Raymond Hendler (1923-1998) was an American artist known for his action painting.

Biography
Hendler was born in 1923 in Philadelphia, Pennsylvania. He studied at the Philadelphia College of Art and went on to serve in the United States Army He also studied at the Pennsylvania Academy of the Fine Arts and the Tyler School of Art and Architecture. He traveled to Paris around in 1949 under the Servicemen's Readjustment Act of 1944 (the G.I. Bill). There he studied at the Academie de la Grand Chaumiere and was a founding member of the Galerie Huit

He located in New York City in the early 1950's where he was a member of the New York Artists' Club.

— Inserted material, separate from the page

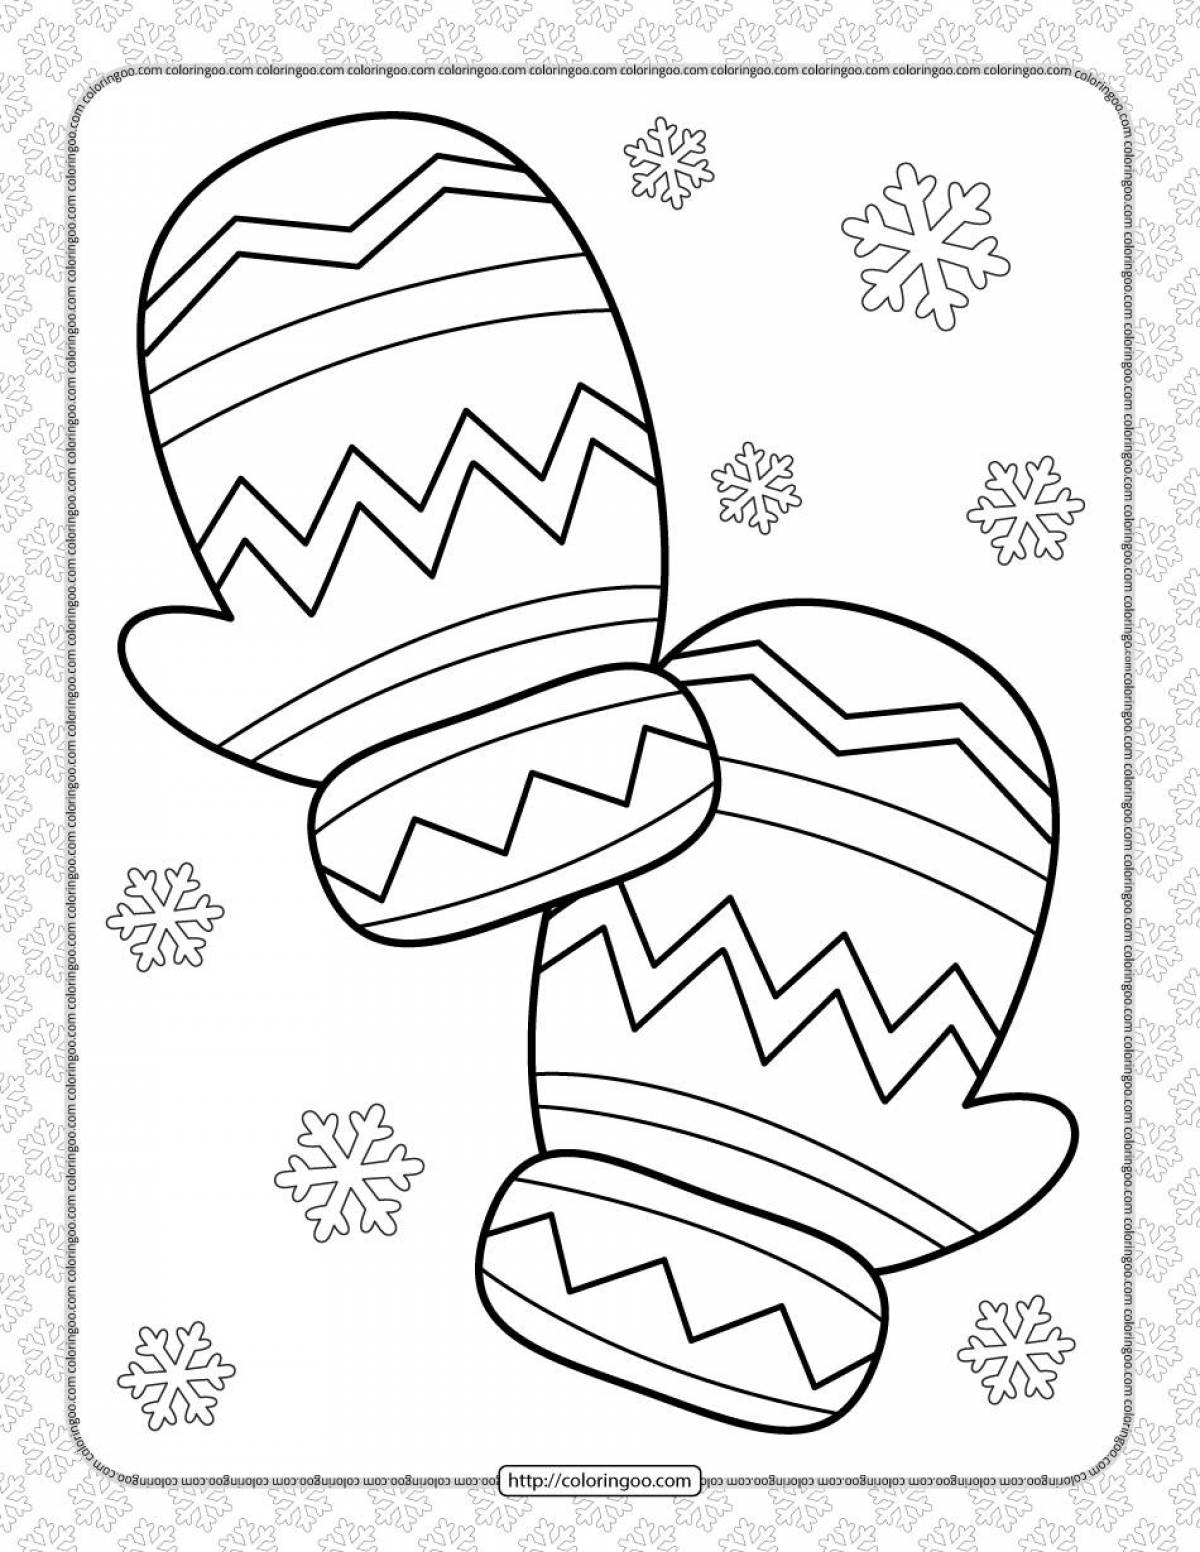 Funny coloring book of mittens for children 3-4 years old

In the late 1960's Hendler moved to Minneapolis where he taught at the Minneapolis School of Art. For a time he served as head of the painting department. He retired in 1984. In 1963, Hendler received the Longview Foundation Purchase Award, juried by Willem de Kooning, Thomas B. Hess, Philip Guston, Harold Rosenberg, and David Smith.

Hendler died in 1998 in East Hampton, New York.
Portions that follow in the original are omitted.